The next hax that could win this for Bolas on it's own is Clockworking. Clockworking is the most advanced school of time manipulation. Basically a student of clockworking treats time like another spacial dimension. Here are some of the things that Nicol Bolas can do with clockworking.
- Teleport forward or backwards through time
- Timeline jump
- See the future or past
- Create temporal bubbles to rapidly age or deage someone
- Pause, slow down, or increase time
- Perceive an infinite amount of alternate timelines.
Here is Tezzeret is explaining what clockworking can do, and states that a clockworker is only limited by the power of user and the probability of the outcome. The less likely the outcome the more power it takes. Luckily ive already shown that Nicol Bolas is an absolute power house.
“Chronomancy is not even on a nearby plane to clockworking. A clockworker can actually control time. You understand teleportation. To a clockworker adept, time is simply another spatial dimension. They can jump forward and backward in time as easily as you or I might teleport across a room.”
Her frown turned into a scowl. “So if I hit him with something that rocks his world, he can just, like, jump back to right before I hit him and deliver a preemptive smackdown?”
“It’s more complicated than that—clockworking is fiendishly difficult and, no pun intended, time consuming—but essentially, yes. He can also control your own personal temporal flow in ways no magic at our command can counter. No shield will stop you from getting old. And that’s not all.”

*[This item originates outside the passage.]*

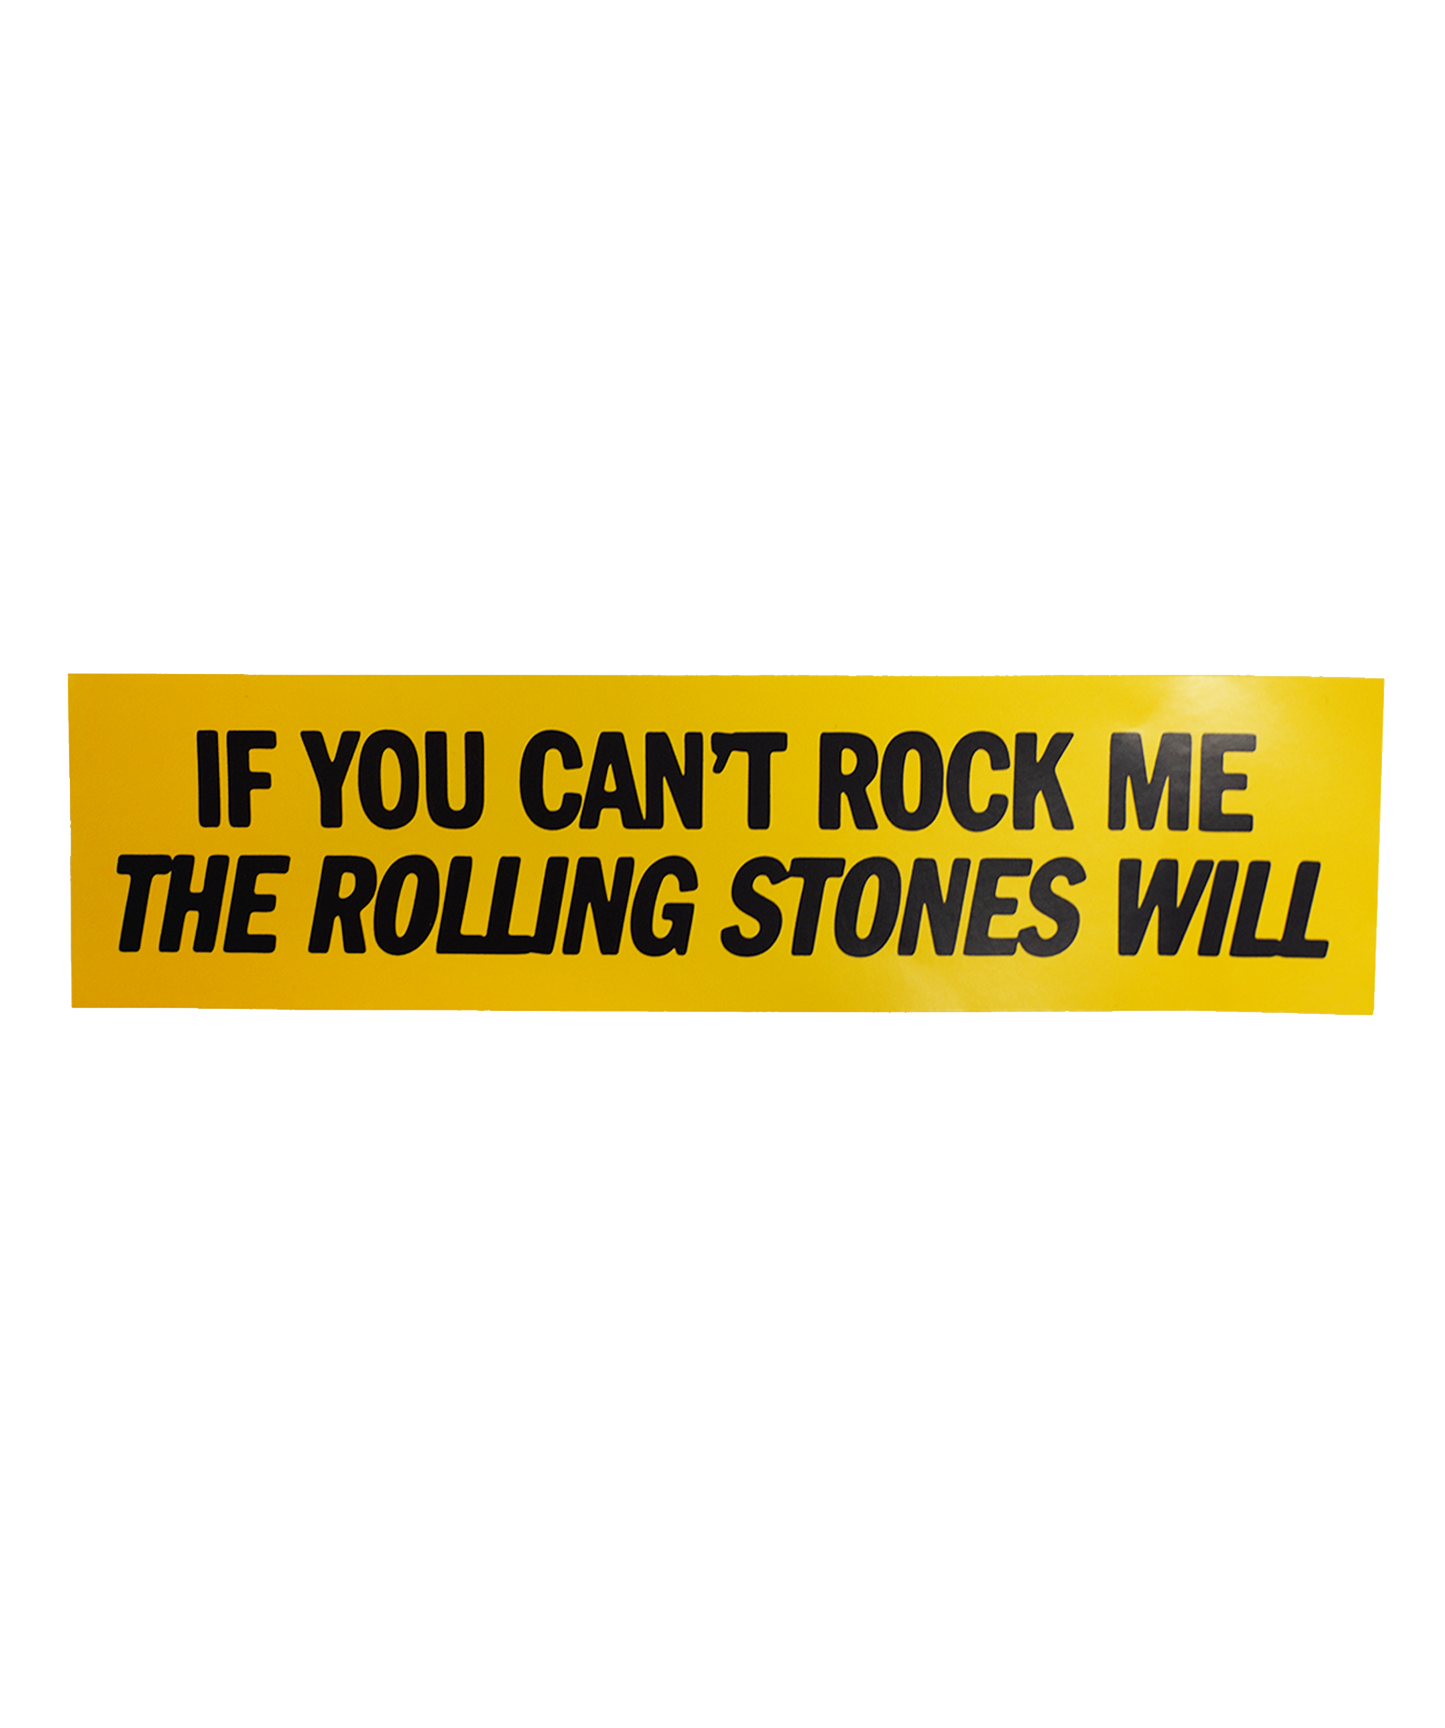 The Rolling Stones Bumper Sticker • The Rolling Stones x Oxford Pennant

She winced. “It gets worse?”
“A good clockworker—which Renn is—can, with proper preparation, move sideways in time.”
“What in the hells is that supposed to mean?”
“You’d have to ask a clockworker for the details,” I said. “I’ve never looked deeply into the theory, and so I have only a layman’s knowledge. The best I can understand is that time isn’t a single straight line—it’s more like a big rope, braided and rebraided out of an infinite number of different temporal strands. Every time you make a choice—turn right instead of left—you split off a new temporal strand. If the choice you make doesn’t affect other nearby main lines—if you arrive at your destidestination at the same moment you would have if you’d turned the other way—your strand gets braided back into the main cable and everything proceeds as usual. But a clockworker adept can sense the nearest strands of other main lines and decide which one he wants to be in. In other words, he can pick and choose the outcome he wants, and move himself into the time line where that’s what happens. And he can take you with him.”
“Wow.”
“Yes. The only limitations of clockworking are the power of the adept and the dictates of probability—the more improbable the outcome the adept is looking for, the more power it takes to get himself into that alternate line."
Magic the Gathering: Test of Metal
Nicol Bolas takes this to a whole new level. He is able to move other people and objects from different timelines to his own. He used this once to move the corpses of a bunch of timelines where he had died to his timeline and then moved a Liliana Vess for each one to reanimate the dead bodies to fight for him while still wielding a portion of his power.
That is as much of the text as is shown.